Abstract:   Objective   To study the reversal effect of Shenfu decoction(SFD)on adriamycin-induced cardiomyopathy and explore its mechanism by using serum metabolomic technology.   Methods  The BALB/c mouse model of cardiomyopathy induced by adriamycin was established. The corresponding intervention was given. The serum lactate dehydrogenase(LDH)and creatine phosphatase isoenzyme MB(CK-MB)were measured. The ejection fraction (EF) and shortening fraction (FS) were measured by echocardiography. Mouse serum was collected for gas chromatography-mass spectrometry (GC-MS) analysis. The data obtained was analyzed by multivariate and univariate statistical analysis to compare the changes of endogenous metabolites in the serum of mice in the normal group, model group and Shenfu decoction treatment group, to find the potential biomarkers of Shenfu decoction to reverse the adriamycin-induced cardiomyopathy. Metabolic pathway analysis was used to explore the targeted metabolic pathway of Shenfu decoction.   Results  The levels of serum LDH and CK-MB in the model group were increased significantly, and the values of EF and FS decreased significantly, indicating that the model was successfully established. The above indicators were significantly improved after treatment with Shenfu decoction. 13 potential biomarkers of adriamycin-induced cardiomyopathy were identified by metabonomic analysis, and Shenfu decoction had significant reversal effect on 11 metabolites. Metabolic pathway analysis showed that the synthesis of phenylalanine, tyrosine and tryptophan, arachidonic acid metabolism, phenylalanine metabolism, tricarboxylic acid cycle and dicarboxylic acid metabolism were the main targeted metabolic pathways of Shenfu decoction.   Conclusion  Shenfu decoction can reverse adriamycin-induced cardiomyopathy by regulating the unbalanced synthesis of phenylalanine, tyrosine and tryptophan, as well as the metabolism of arachidonic acid, phenylalanine, dicarboxylic acid and tricarboxylic acid cycle.

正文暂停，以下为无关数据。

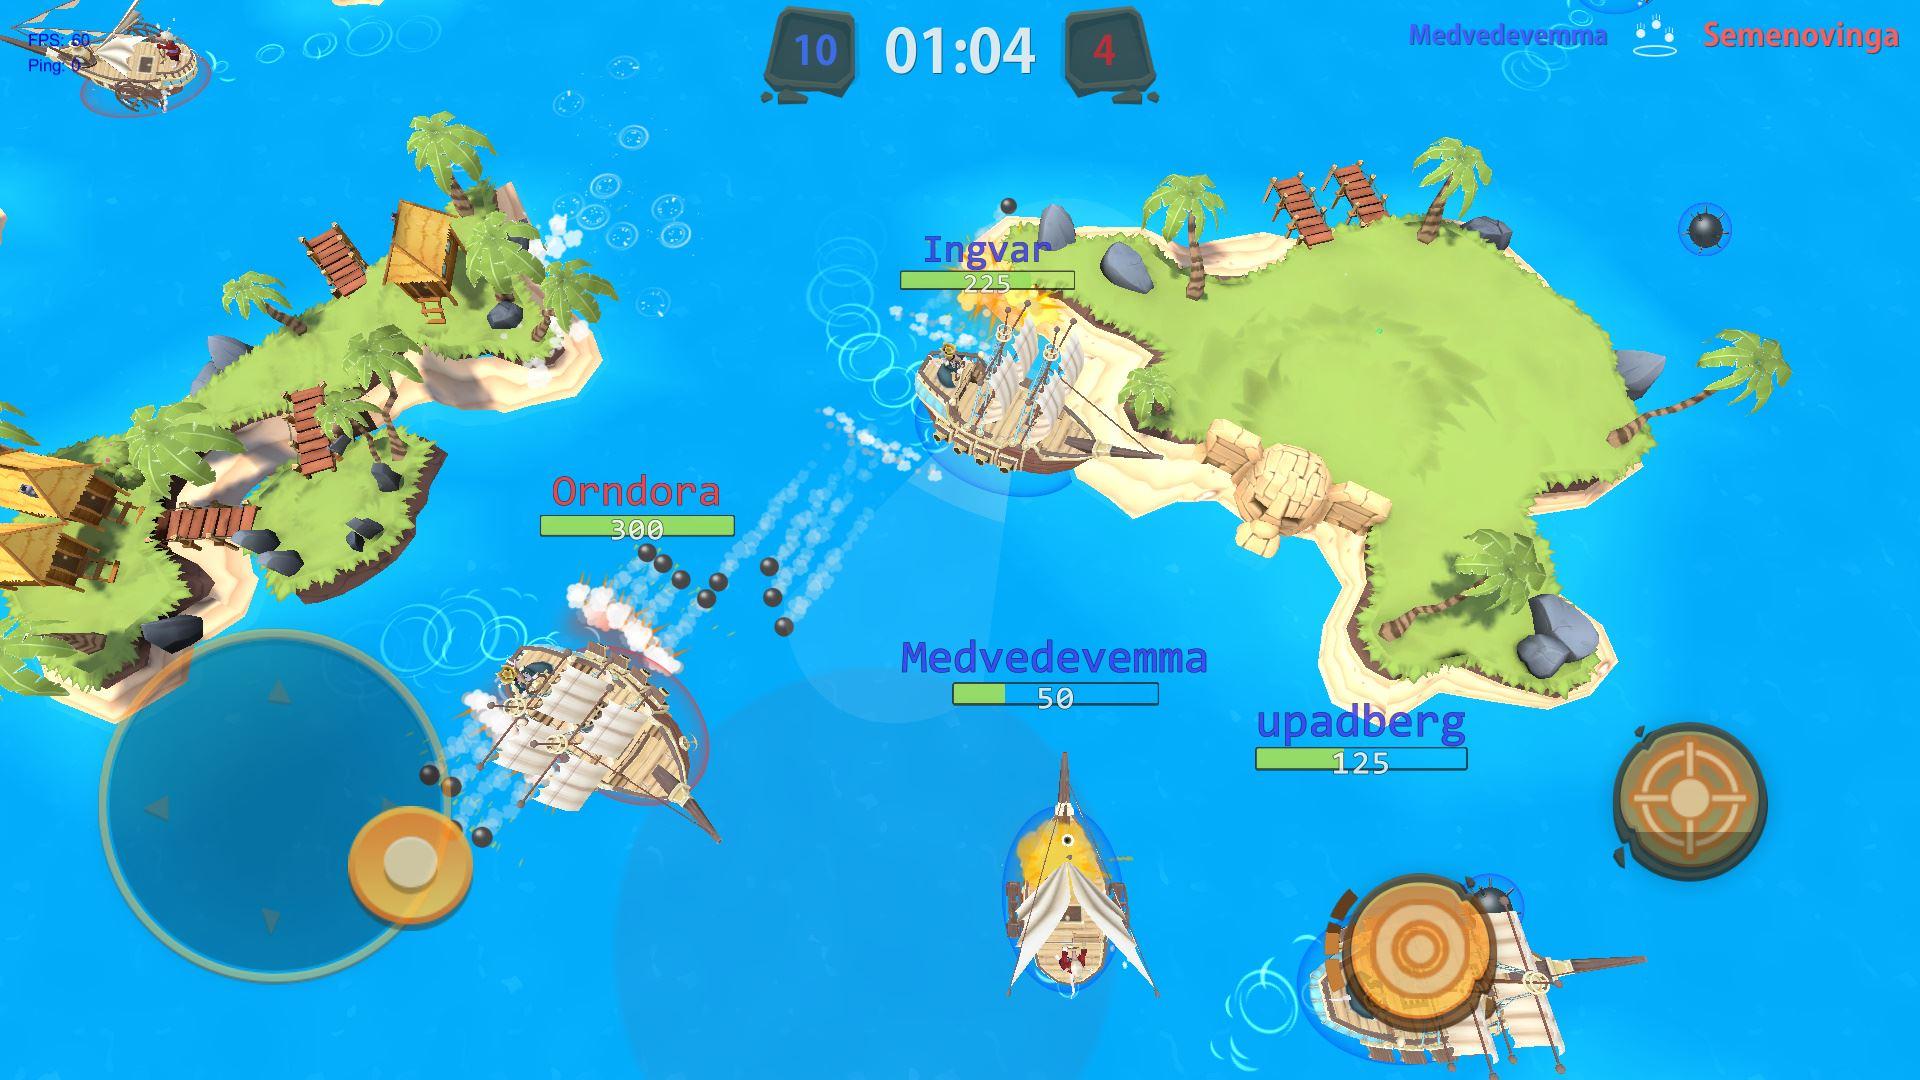 PieRatsOnline v0.7_Img1 | PieRats Online - динамичные онлайн бои в мультяшном сеттинге крыс-пиратов

QIN Ye, DIN Xin, ZHANG Ya. Serum metabolomic study of Shenfu decoction on adriamycin-induced cardiomyopathy in mice[J]. Journal of Pharmaceutical Practice and Service, 2022, 40(2): 108-112. doi: 10.12206/j.issn.1006-0111.202105116
Citation: QIN Ye, DIN Xin, ZHANG Ya. Serum metabolomic study of Shenfu decoction on adriamycin-induced cardiomyopathy in mice[J]. Journal of Pharmaceutical Practice and Service, 2022, 40(2): 108-112. doi: 10.12206/j.issn.1006-0111.202105116
  • 阿霉素(adriamycin,ADR)是蒽环类DNA拓扑异构酶Ⅱ抑制剂,疗效确切,抗肿瘤谱广,临床上常用于治疗血液系统肿瘤和胃癌、肝癌等多种实体瘤。但阿霉素也有多种严重的不良反应,其心脏毒性常导致患者充血性心力衰竭,故临床应用受到很大的限制。在使用阿霉素治疗肿瘤的同时,给予具有心脏功能保护作用的药物对抗其副作用是一种有效的办法[1]。因此,寻找抗阿霉素心脏毒性损伤的药物已成为近年来的研究热点。参附汤出自明代医家薛己《正体类药》,由人参和炮附子按3∶2配伍组成,具有益气回阳固脱的功效,是传统中医治疗慢性心力衰竭的经典名方。参附汤的药理作用机制尚不明确,阿霉素心脏毒性的发生机制也还在探索中。研究表明参附汤可通过调节microRNAs的表达,抑制线粒体途径的细胞凋亡,改善血流动力学相关指标,抑制心肌细胞自噬等途径发挥心脏保护作用[2-4]。这些研究对参附汤的药理学作用机制进行了有益的探索,但仍不够深入,目前,鲜见从代谢组学角度对参附汤的药理作用机制进行整体研究的相关报道。

    代谢组学是一种快速发展的系统生物学方法,能够对暴露于致病因素或药物治疗的复杂生物系统的海量代谢产物提供整体的代谢状态分析,正好契合中医“多成分、多靶点、多途径”整合调节的作用特点,是研究中药的药效成分和药理作用机制的强有力手段[5-6]。因此,本研究采用GC-MS血清代谢组学技术,检测经参附汤治疗的阿霉素心肌病小鼠血清中代谢物的变化,通过多变量统计分析寻找潜在生物标志物,综合评价参附汤抗阿霉素心肌病的作用,以期从整体、多靶点的层面,深入阐释参附汤抗阿霉素心肌病的作用机制。

    • Thermo-Finnigan Trace DSQ气相色谱-质谱联用仪(Thermo Electron Corporation);Vevo-3100LT高分辨超声显像系统(加拿大Visual Sonics公司)。

    • 乳酸脱氢酶(LDH)、肌酸磷化酶-同功酶MB试剂盒(CK-MB)(南京建成生物科技有限公司);三甲基氯硅烷(TMCS)、甲氧胺盐酸盐、N-甲基-N-三甲基硅烷基三氟乙酰胺(MSTFA)、甲醇、吡啶、正庚烷、柠檬酸(美国Sigma-Aldrich公司);酪氨酸、苯丙氨酸、丙氨酸、油酸、硬脂酸、乳酸、琥珀酸、缬氨酸、甘油-3-磷酸、苹果酸、花生四烯酸(上海阿拉丁试剂有限公司);炮附子(产地:四川)、人参(产地:吉林)购自西安市北京同仁堂药房。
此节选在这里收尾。